— WHAT THE TASK REQUIRES —
Leave out the images and repeat the listing below without a single change.

(Beginning of SUPPLIED DATA)

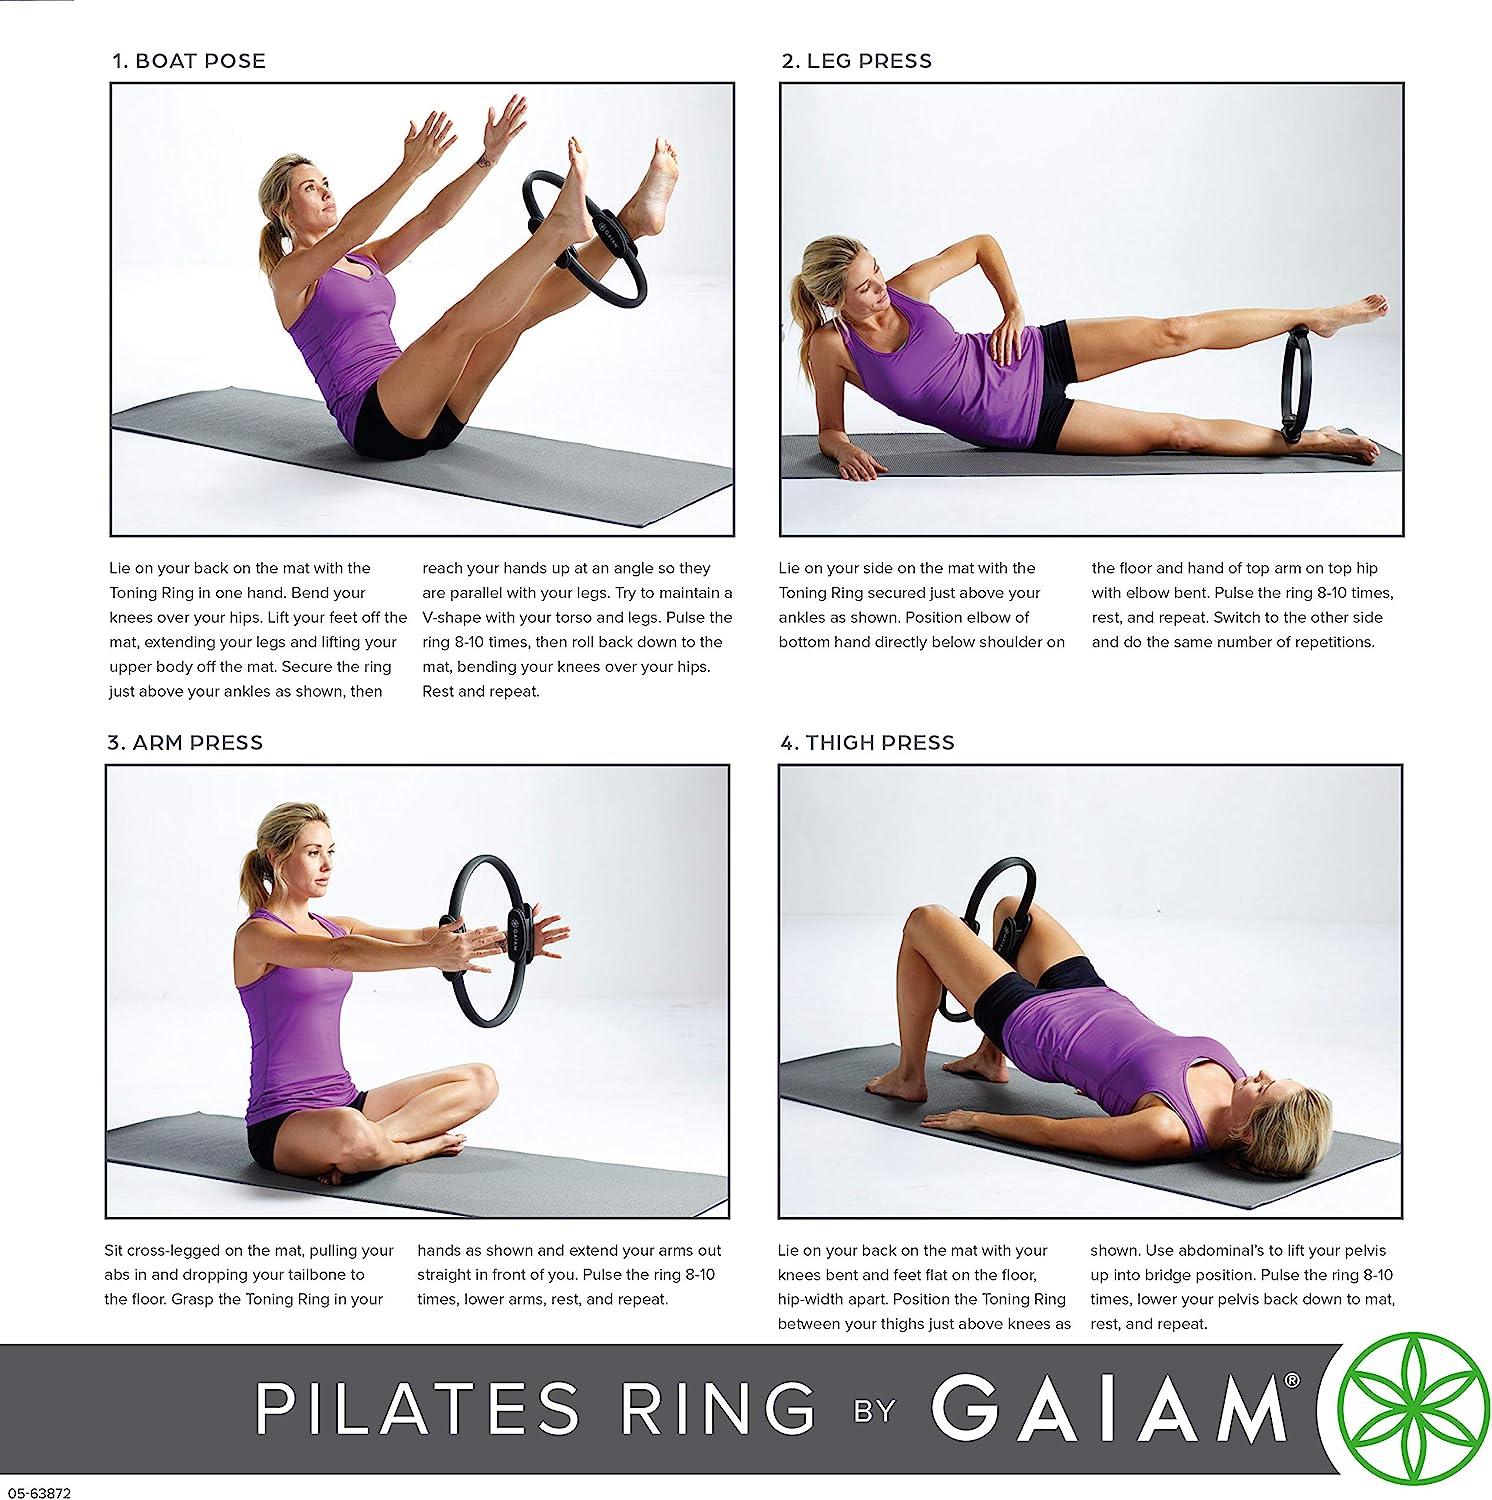 Pilates Ring
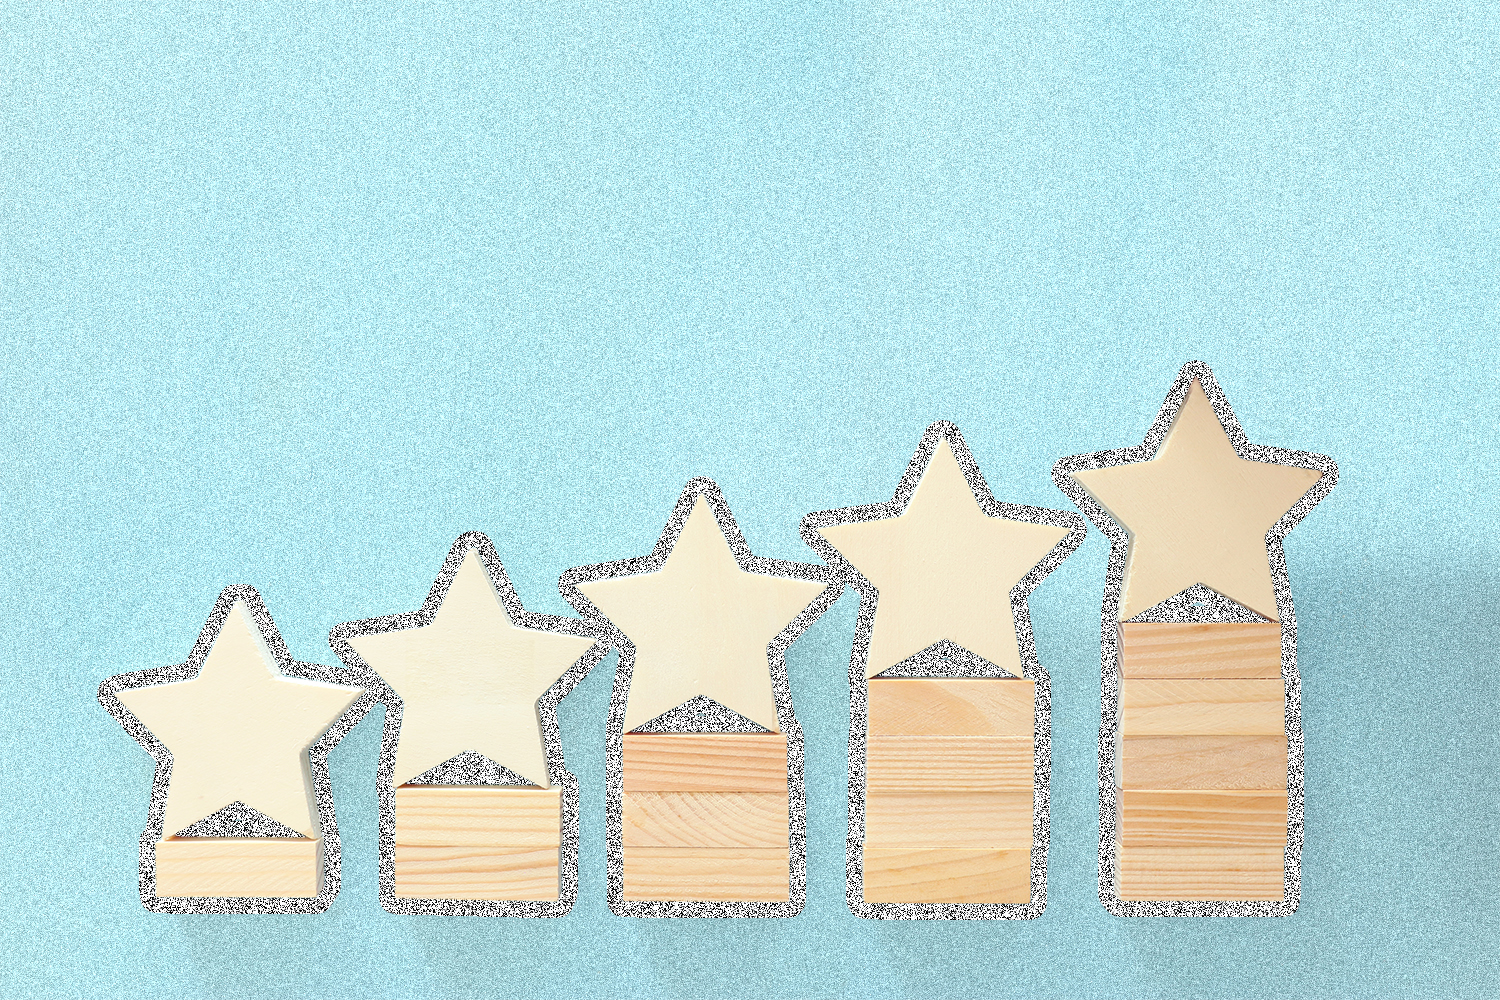 Image of 5 wooden stars on wooden blocks
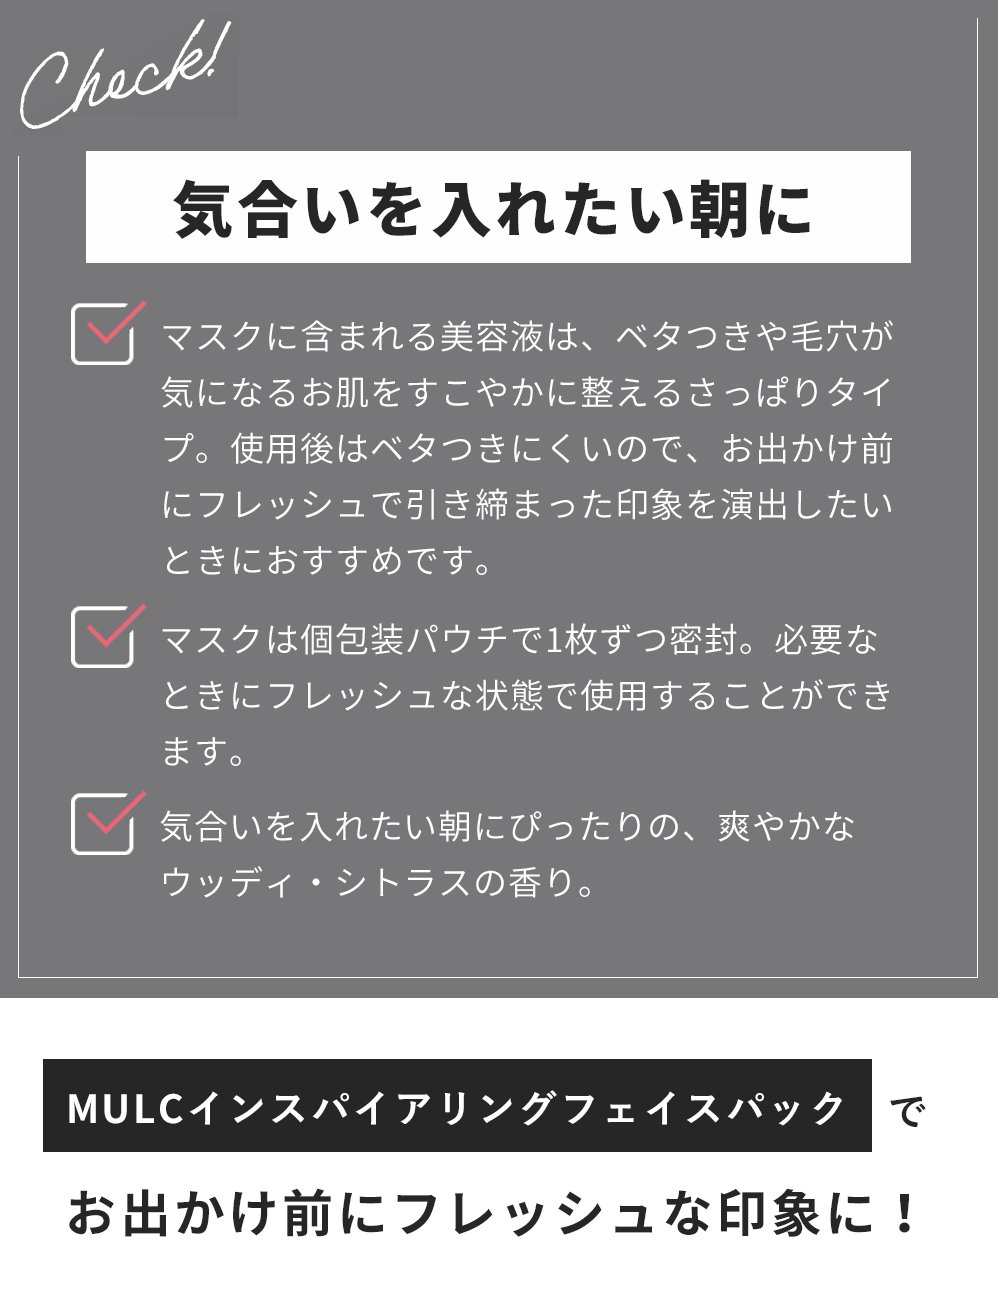 MULC インスパイアリングフェイスパック5枚セット - MULCオンラインショップ

(End of SUPPLIED DATA)

— RESPONSE FOR THIS EXERCISE —
 Pilates Ring
 Image of 5 wooden stars on wooden blocks
 MULC インスパイアリングフェイスパック5枚セット - MULCオンラインショップ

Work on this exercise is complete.